The APC was founded in 2013 as a joint venture between the automotive industry and UK government to "research, develop and commercialise the technologies for the vehicles of the future". Both government and the automotive industry committed to investing £500 million each, totalling £1 billion over the next ten years. The creation of the APC was part of the coalition government’s automotive industrial strategy.

In January 2014, Dr Gerhard Schmidt was appointed as Chair and Tony Pixton as Chief Executive. It announced its first round of funding in April 2014, awarding £28.8 million funding to projects worth £133 million, led by Cummins, Ford, GKN and JCB.

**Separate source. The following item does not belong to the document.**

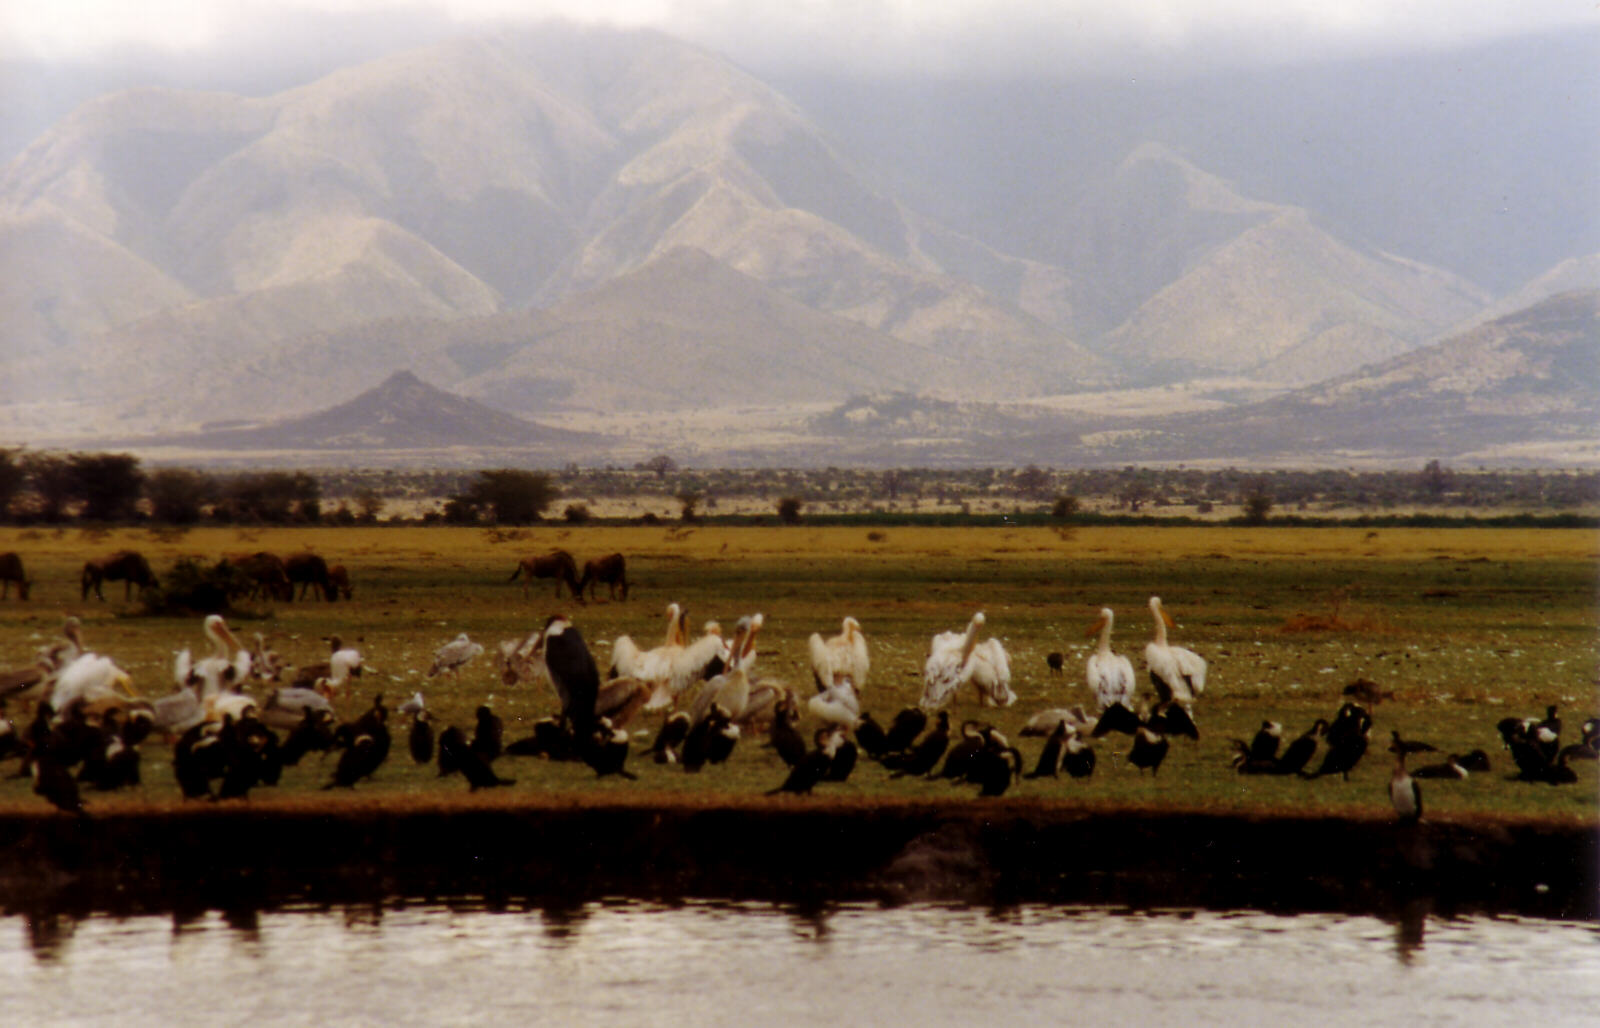 Birds and mountains at Lake Manyara, Tanzania

The Advanced Propulsion Centre was officially opened by Vince Cable in November 2014.

Ian Constance was appointed Chief Executive in September 2015. In the 2015 Autumn Statement, the Chancellor, George Osborne, announced that an additional £225 million budget for automotive research and development would be facilitated by the APC.

Funding competitions

The Advanced Propulsion Centre awards funding to consortia of organizations including vehicle manufacturers, tier 1 automotive suppliers, SMEs and academic institutions, which are developing low carbon powertrain technology.

Spokes

The Advanced Propulsion Centre operates a ‘hub and spoke’ model, where the ‘hub’ is its headquarters at the University of Warwick, and the ‘spokes’ are universities across the UK with specialisms in particular areas of low-carbon emissions vehicle technology.

Spoke locations:

 Newcastle University -  Newcastle upon Tyne, England – Electric Machines
 University of Nottingham – Nottingham, England – Power Electronics
 University of Warwick – Coventry, England – Electrical Energy Storage
 University of Bath – Bath, England – TPS System Efficiency
 Loughborough University – London, England – Institute of Digital Engineering
 University of Brighton – Brighton, England – TPS Thermal Efficiency

Activities

In April 2018, APC announced that an APC-funded project has enabled Ford to develop new low emissions technology, which will go into production on its 1.0-litre EcoBoost engine.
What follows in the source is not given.